Floating-base systems and underactuation#

A key distinction for legged and mobile robots: the base is an unactuated degree of freedom. Unlike a fixed-base manipulator where every DoF has a dedicated motor, a legged robot cannot directly command its base position or orientation. Base motion arises indirectly through contact forces at the feet.

This has immediate consequences for learning. The policy must reason about contact implicitly or explicitly. State estimation (Week 2) is necessary because base pose is not directly sensed with a rigid reference. Reward functions that penalize base motion must account for the fact that the robot cannot directly minimize it — it can only do so by learning the right contact strategy. This distinction between actuated joints and unactuated base is one of the most important conceptual boundaries between manipulation and locomotion RL.

Computational representation#

In practice, robot kinematics are specified in URDF (Unified Robot Description Format) or MJCF (MuJoCo XML) files. These formats encode the kinematic tree (parent-child joint hierarchy), joint types, limits, and axes, along with link masses, inertias, and collision geometry. When you load a robot in IsaacLab, MuJoCo, or PyBullet, you are instantiating this kinematic tree. Understanding the structure of these files makes it far easier to debug simulation errors, set up reward functions, and implement custom controllers.

Forward kinematics#

Forward kinematics (FK) maps joint configurations to end-effector pose: $f(q) \rightarrow T_{ee} \in SE(3)$ . Given $q$ , there is exactly one end-effector pose — FK is always well-defined and computationally inexpensive.

The classical formalization of FK uses Denavit-Hartenberg (DH) parameters, which assign four parameters per joint to describe the relative transform between adjacent link frames. While DH conventions are widely used in industry, they have a fundamental limitation: the frame assignment is not unique and the parameters are sensitive to singularities in the convention itself. The modern alternative, based on the Product of Exponentials formula from screw theory, is geometrically cleaner and integrates naturally with the $SE(3)$ structure needed for learning-based methods.

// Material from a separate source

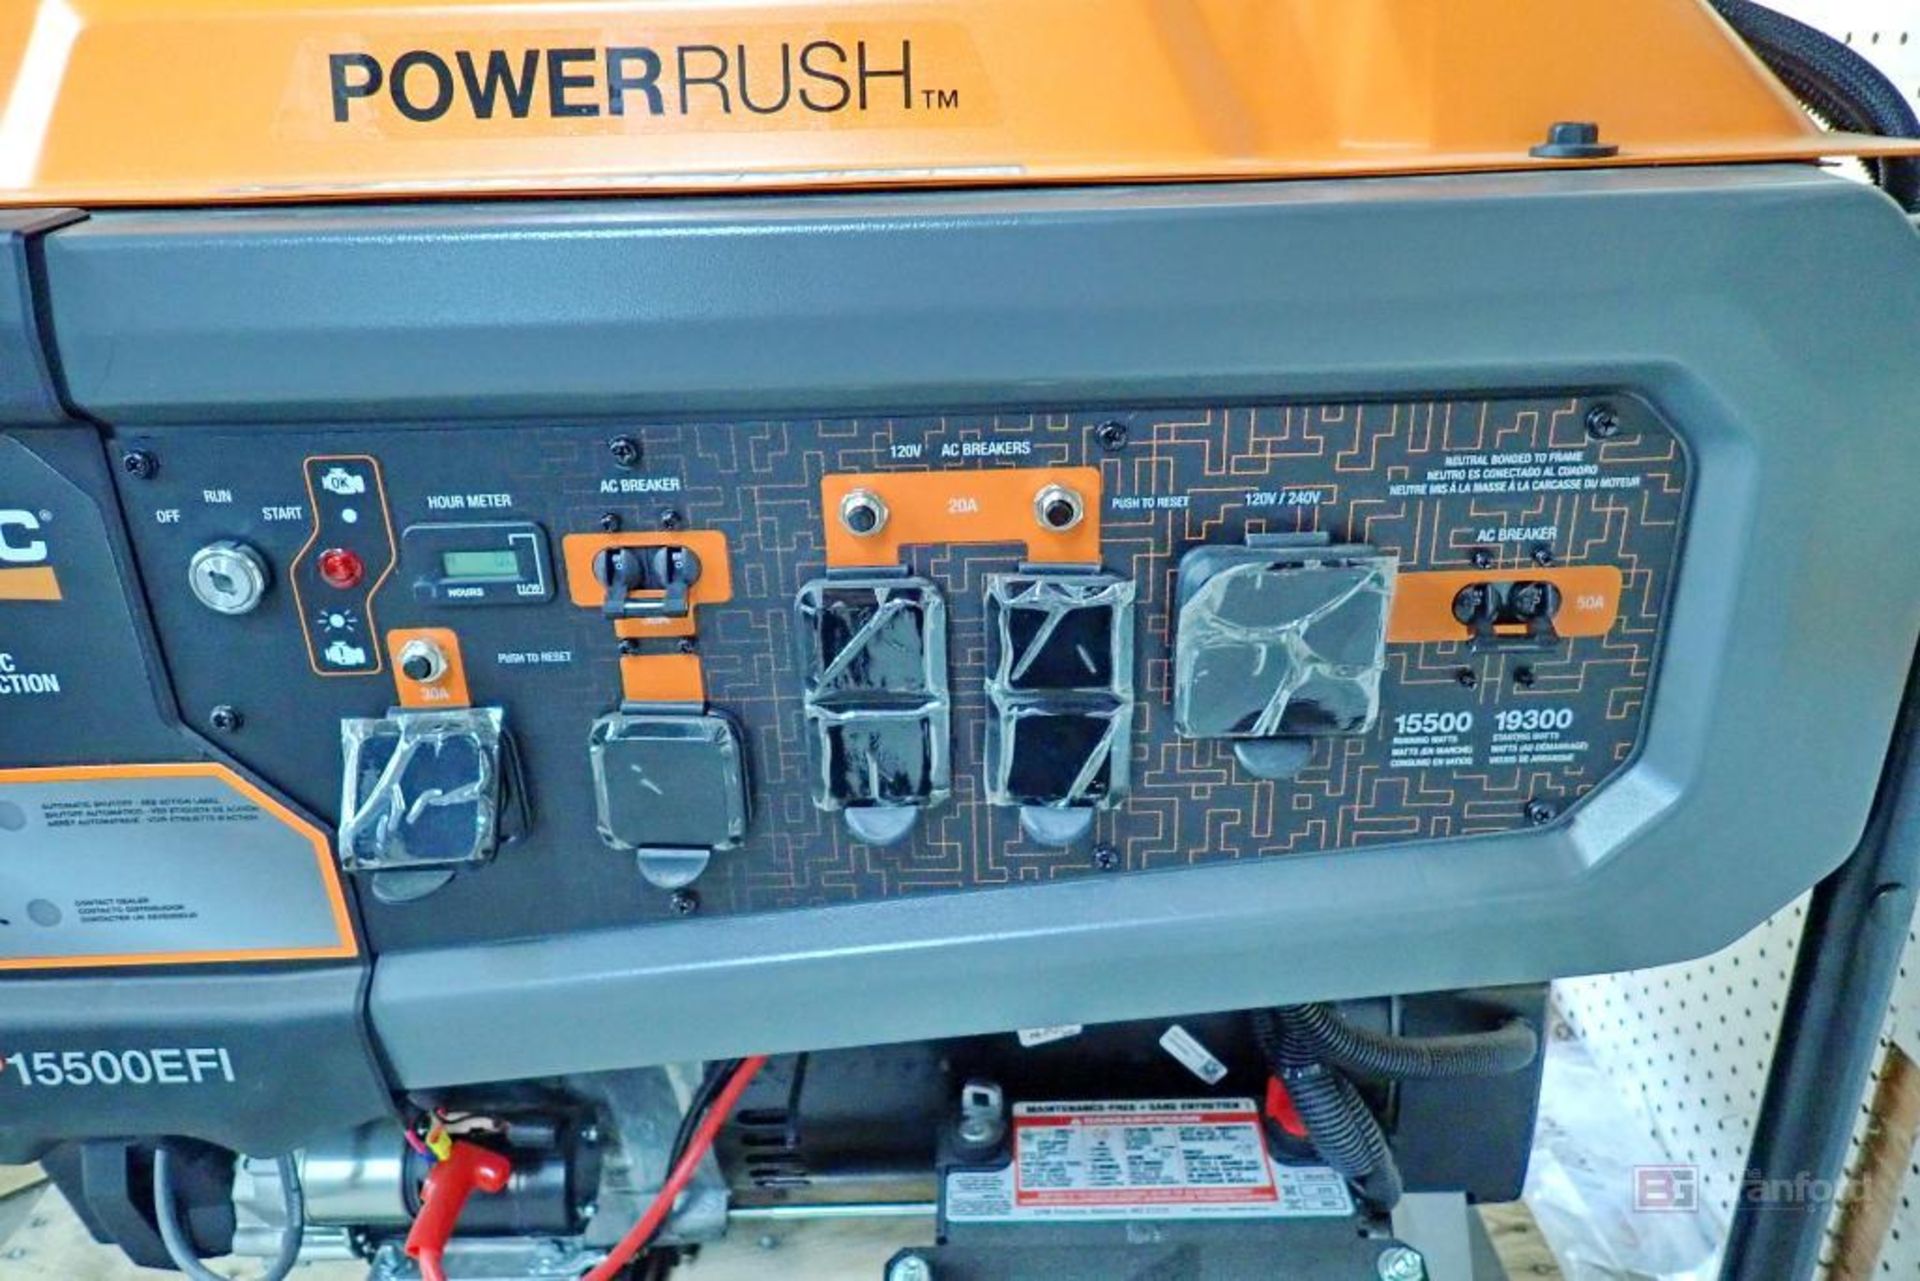 GENERAC Power Rush GP15500EFI Gas Powered Generator - Bild 9 aus 11

Product of Exponentials formula#

In the screw-theoretic approach, each joint axis is represented as a screw axis $\mathcal{S}_i \in \mathbb{R}^6$ , defined in the fixed base frame when the robot is at its zero configuration $M$ . The screw axis captures both the direction of joint motion and the coupling between translation and rotation:

\mathcal{S}_i = \begin{pmatrix} \omega_i \\ v_i \end{pmatrix}

where $\omega_i \in \mathbb{R}^3$ is the unit rotation axis of joint $i$ and $v_i = -\omega_i \times r_i$ for revolute joints (with $r_i$ a point on the axis) or $v_i = \hat{d}_i$ for prismatic joints (with $\hat{d}_i$ the direction of translation). The $4\times 4$ matrix exponential of the screw axis scaled by the joint variable $q_i$ yields a rigid body transform:

e^{[\mathcal{S}_i]q_i} = \begin{bmatrix} e^{[\omega_i]q_i} & (I - e^{[\omega_i]q_i})(\omega_i \times v_i) + \omega_i \omega_i^T v_i q_i \\ 0 & 1 \end{bmatrix}

where $[\omega_i]$ is the $3\times 3$ skew-symmetric matrix corresponding to $\omega_i$ , and $e^{[\omega_i]q_i}$ is computed via Rodrigues' rotation formula. The full forward kinematics map is then the Product of Exponentials (PoE):

T_{sb}(q) = e^{[\mathcal{S}_1]q_1}\, e^{[\mathcal{S}_2]q_2} \cdots e^{[\mathcal{S}_n]q_n}\, M

where $M \in SE(3)$ is the end-effector pose at the zero configuration. Each factor $e^{[\mathcal{S}_i]q_i}$ is itself an element of $SE(3)$ , and their composition is also in $SE(3)$ — the PoE formula respects the group structure exactly, with no approximation or singularity in the parameterization.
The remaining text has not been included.